Why do you want the stainless so much more than the regular steel?  I know the stainless is beautiful, but is it better somehow?


----------



## Finney

Well... It won't rust.
But it will discolor at high temps.
But you can get that out.
*
The main reason is:*  I was thinking I would make it 'built-in' in the future.  Along with a stainless gas grill in a out door 'kitchen'.  _If I ever get to live at home again._


----------



## Finney

BTW: I have the Texas Grill owners manual in a PDF file if you want it.  I think I have the CB 940 manual also... but would have to check.


----------



## Greg Rempe

Won't the stainless dis-color!? :?


----------



## Finney

Greg Rempe said:
			
		

> Won't the stainless dis-color!? :?


I thought I said that.  _Without the hyphen._  :-D


----------



## Greg Rempe




----------



## LowRent

Chris Finney said:
			
		

> Well... It won't rust.
> *
> The main reason is:*  I was thinking I would make it 'built-in' in the future.  Along with a stainless gas grill in a out door 'kitchen'.

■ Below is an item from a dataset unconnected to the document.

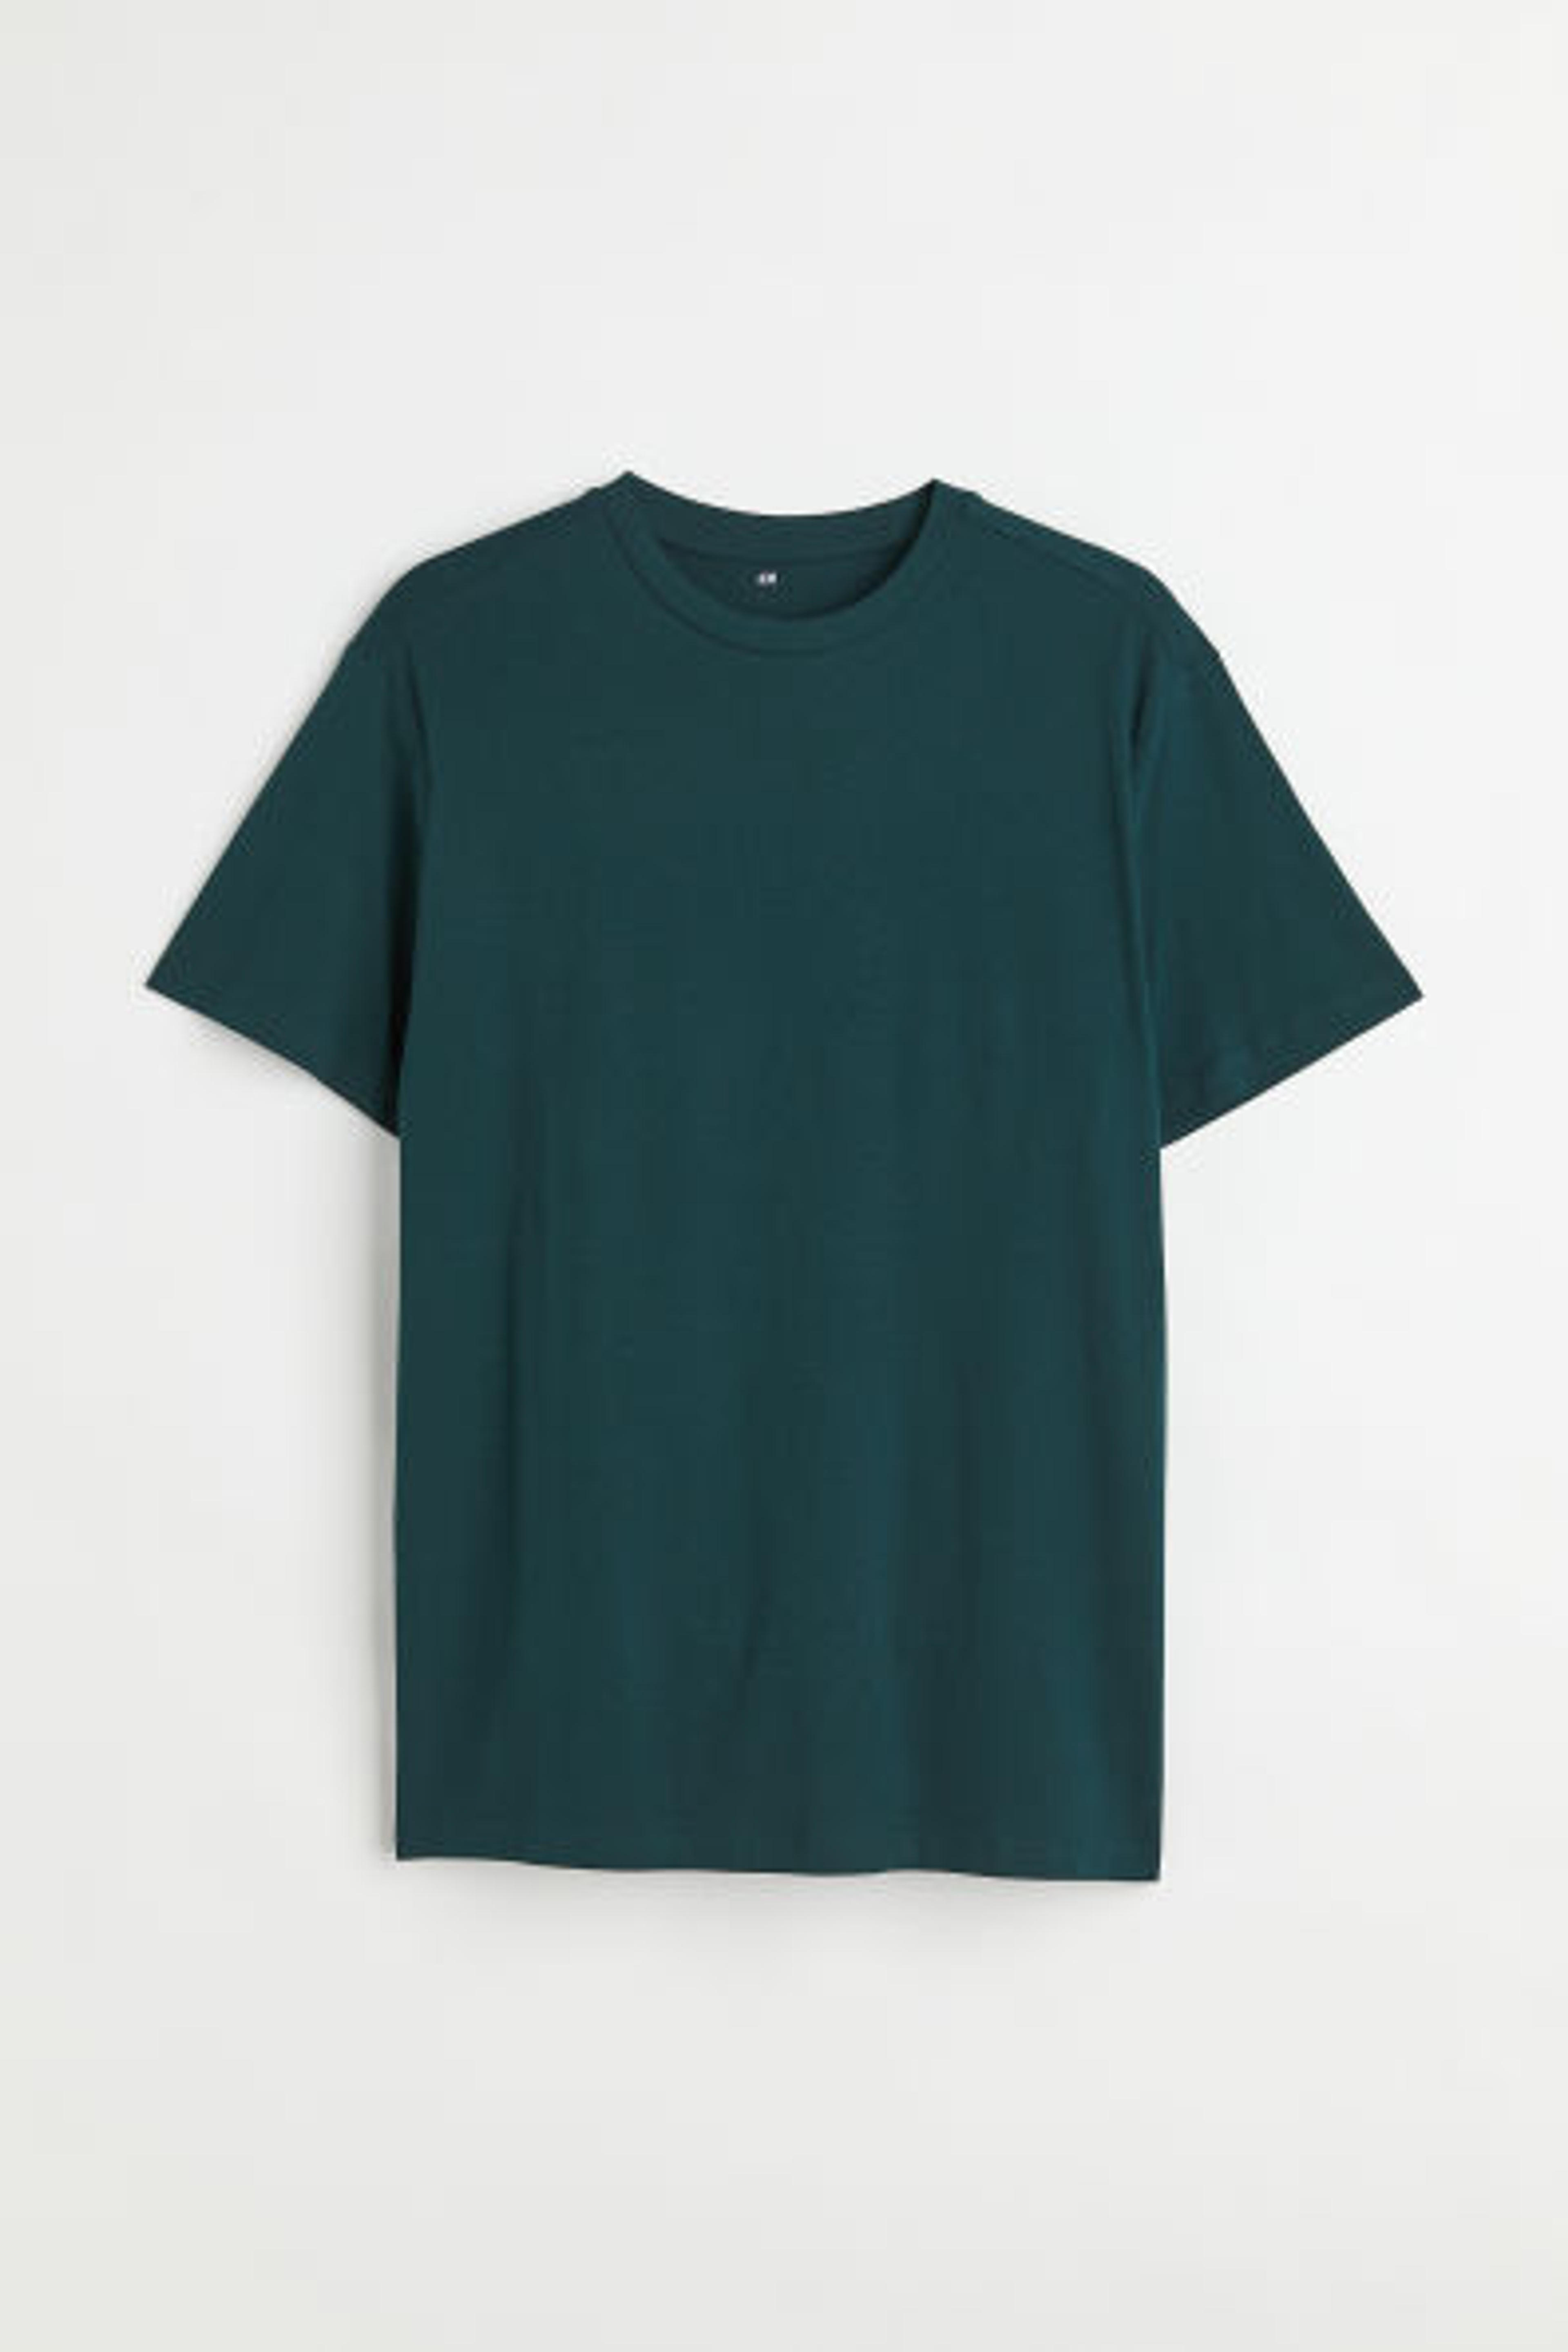 Regular Fit Crew-neck T-shirt - Dark turquoise - Men | H&M CA

As I understand it, and I could be wrong — please, please correct me if I'm wrong — the regular grill shouldn't rust if properly seasoned and cared for.  

Now, that last paragraph deserves some clarification.  It also may reveal some ignorance on my part.  Here goes.

Let’s talk about the seasoning first.  I’m sure this is a somewhat controversial topic, because I suspect there are many ways to do this… it really is a whole other topic.  I’ll do an archive search and see if it’s been broached.  If not I’ll post it.  Back to the matter at hand, I think I’ve seen folks recommending getting a spray bottle full of peanut oil and dousing the grill inside and out before lighting the first fire.  Let that first fire burn at 350 or so for a few hours—don’t grill any food for this first burn/seasoning.  After the initial seasoning periodically wipe the grill down, inside and out.  I doubt the inside will need a lot of wiping down, based on past experience, but I’d keep an eye on it.  Again, please correct me if I’m wrong.

As far as the "cared for" business goes, it's my understanding that keeping it out of the weather &/or protecting it with a quality cover will go a long way in conjunction with the seasoning to keep the grill nearly rust free.

If I’m wrong on this, please let me know as I can go either way… well, I’m not sure I have the green light for the pricier stainless grill.  But, we’ll cross that bridge if/when we get there.

Now, I was really referring to a grill on a stand.  If built in we could be talking about a whole other game.  Depending on how it's set up, it could be difficult to impossible to keep an eye on the part of the grill that's built in.  I could see stainless as a much better choice there.


----------



## LowRent

GlennR said:
			
		

> Hey Low Rent-  I've read all your posts and have come to the conclusion that you have a pretty good idea what you're doing.  Give yourself a little credit and buy the one you want.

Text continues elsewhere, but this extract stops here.